The Java Language Specification explains this oddity. Section 10.1. Array Types states (in the fine print) that
Object is also a supertype of all array types. Hence, each of the following lines of code will output
true:
System.out.println(new int[10] instanceof Object);
System.out.println(new String[] { "A", "B" } instanceof Object);
I've created an
ArraysAreObjects application that demonstrates arrays being objects. Listing 1 presents the application's source code.
Listing 1.
ArraysAreObjects.java (version 1)
public class ArraysAreObjects
{
public static void main(String[] args)
{
print(new String[] { "A", "B", "C" });
print("Hello");
print(new int[] { 1, 2, 3 });
print(new Integer[] { 1, 2, 3 });
}
static void print(Object objects)
{
if (objects instanceof Object[])
for (Object object: (Object[]) objects)
System.out.println(object);
else
System.out.printf("[%s]%n", objects);
System.out.println();
}
}
ArraysAreObjects declares a
print() method that prints an object or an array of objects.
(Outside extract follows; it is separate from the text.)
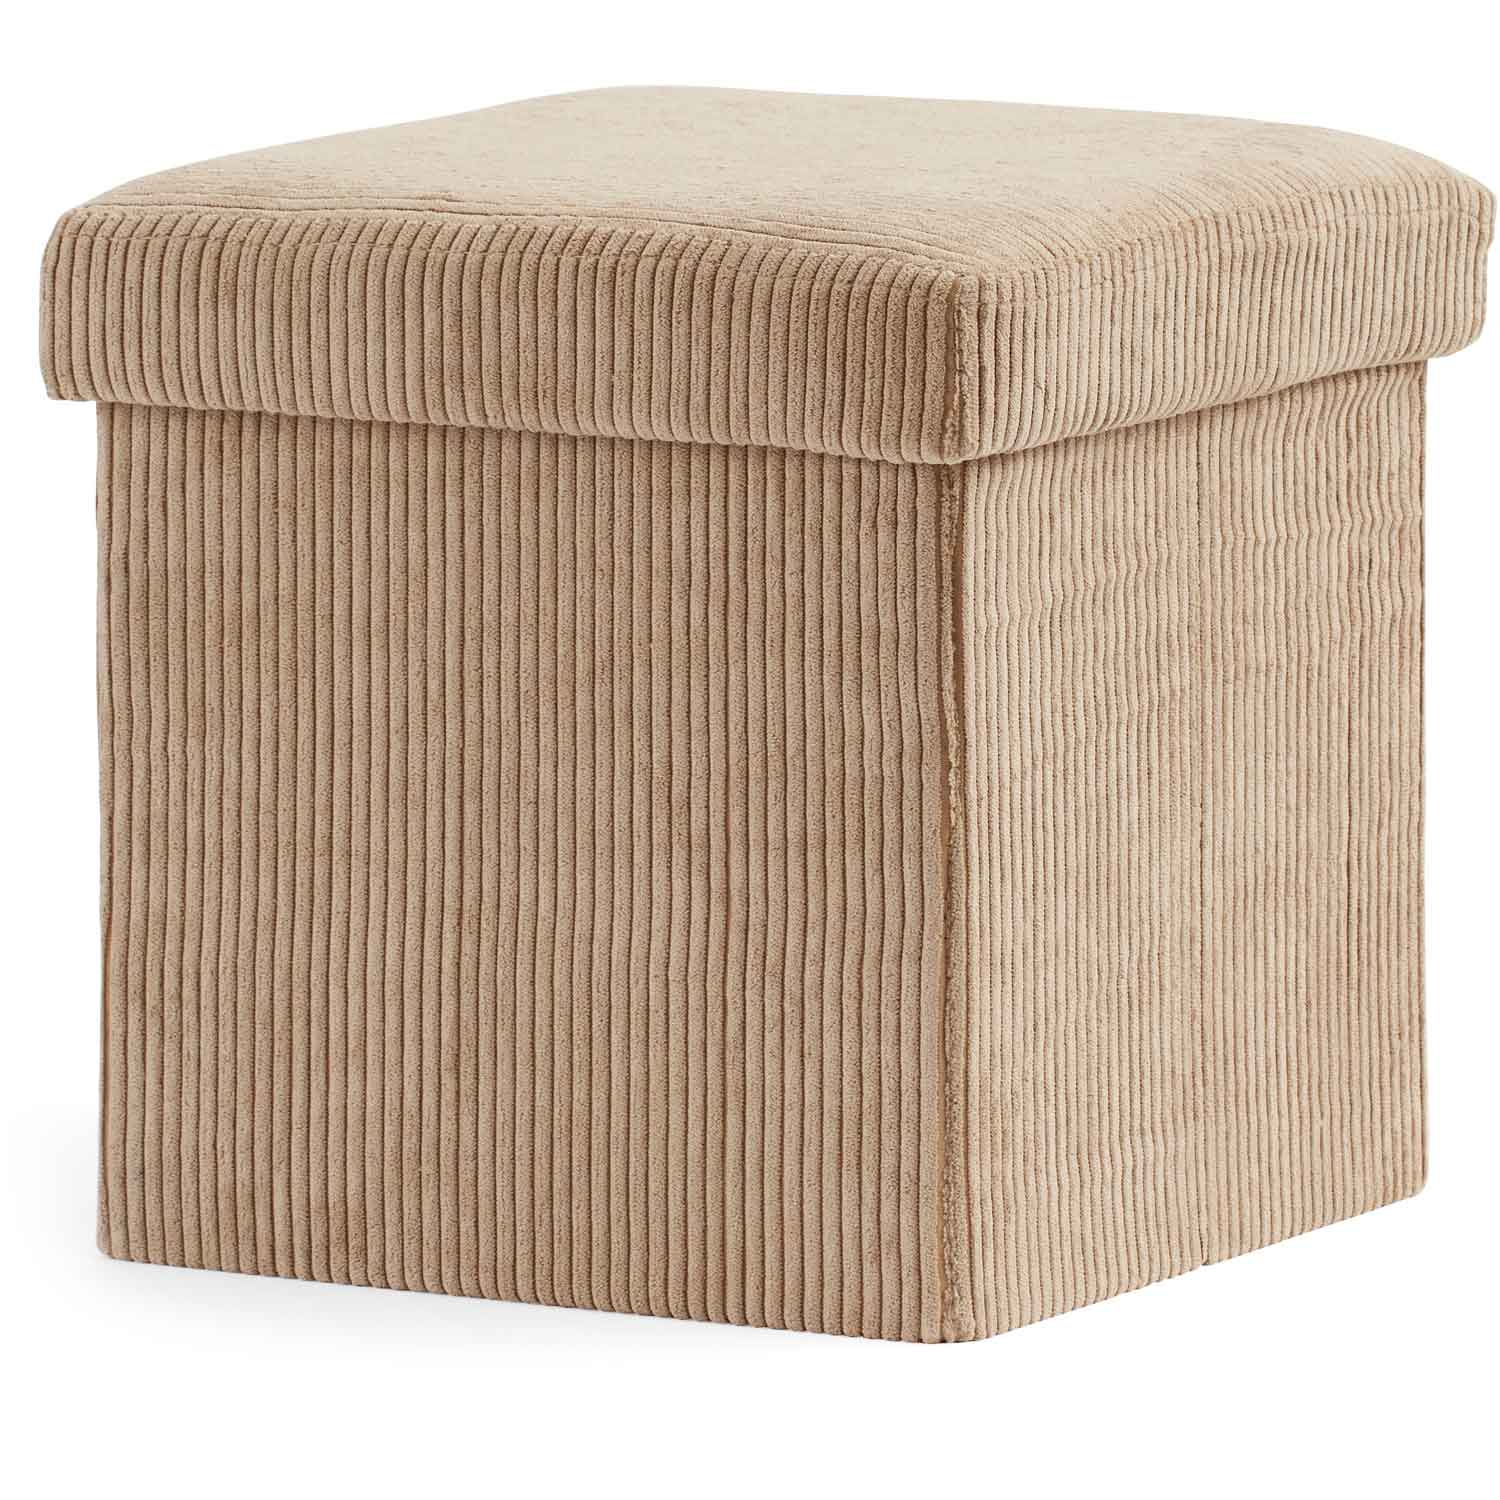 Seat Pouf With Storage, Manchester - Kids Concept @ RoyalDesign

It differentiates between these cases via
objects instanceof Object[], which returns
true when
objects references an array of objects.
Compile Listing 1 as follows:
javac ArraysAreObjects.java
Run the resulting application as follows:
java ArraysAreObjects
You should observe the following output (with a different hash code):
A
B
C
[Hello]
[[I@42d3bd8b]
1
2
3
Perhaps you're surprised to see something like
[[I@42d3bd8b] instead of each integer on a separate line when executing
print(new int[] { 1, 2, 3 });. Section 4.10.3. Subtyping among Array Types provides an answer:
The following rules define the direct supertype relation among array types:
If S and T are both reference types, then S[] >1 T[] iff S >1 T.
Object >1 Object[]
Cloneable >1 Object[]
java.io.Serializable >1 Object[]
If P is a primitive type, then:
Object >1 P[]
Cloneable >1 P[]
java.io.Serializable >1 P[]
Essentially, this section tells us that
Object and not
Object[] is the supertype of a primitive array type
This information helps to explain why
MessageFormat has two
format() methods that differ only in the type of the first parameter:
Object[] or
Object. The
format() method with
Object[] as its first parameter is called for reference array type arguments (e.g.,
new String[] { "A", "B" }), whereas the other
format() method is called for primitive array type arguments, as in
format(new int[] { 1, 2, 3 }, sb, pos).
Never write code like that shown in Listing 1. Instead, use Java's variable arguments (varargs) language feature (introduced in Java 5 long after Java 1.1's debut of
MessageFormat) to achieve more concise code. Consider Listing 2.
Listing 2.
ArraysAreObjects.java (version 2)
public class ArraysAreObjects
{
public static void main(String[] args)
{
print("A", "B", "C");
print("Hello");
print(1, 2, 3);
}
static void print(Object... objects)
{
for (Object object: objects)
System.out.println(object);
System.out.println();
}
}
Although this code is straightforward, you might be curious about
print(1, 2, 3);. The compiler generates code to autobox each integer into an
Integer object. These objects are stored in an
Object[] array that's passed to
print().
When you run this application, you should observe the following output:
A
B
C
Hello
1
2
3
The
java.util package's
Arrays and
Objects classes also demonstrate the impact of arrays being objects.
Arrays declares a
boolean deepEquals(Object[] a1, Object[] a2) method to determine whether two arrays are deeply equal (defined in that method's Javadoc). Similarly,
Objects declares
boolean deepEquals(Object a, Object b) to determine whether two nonarray or array objects are deeply equal.
You don't have to use
Objects.deepEquals() to compare a pair of nonarray objects. Instead, you could create a pair of arrays to hold these objects and pass these arrays to
Arrays.deepEquals(). But isn't that a code smell?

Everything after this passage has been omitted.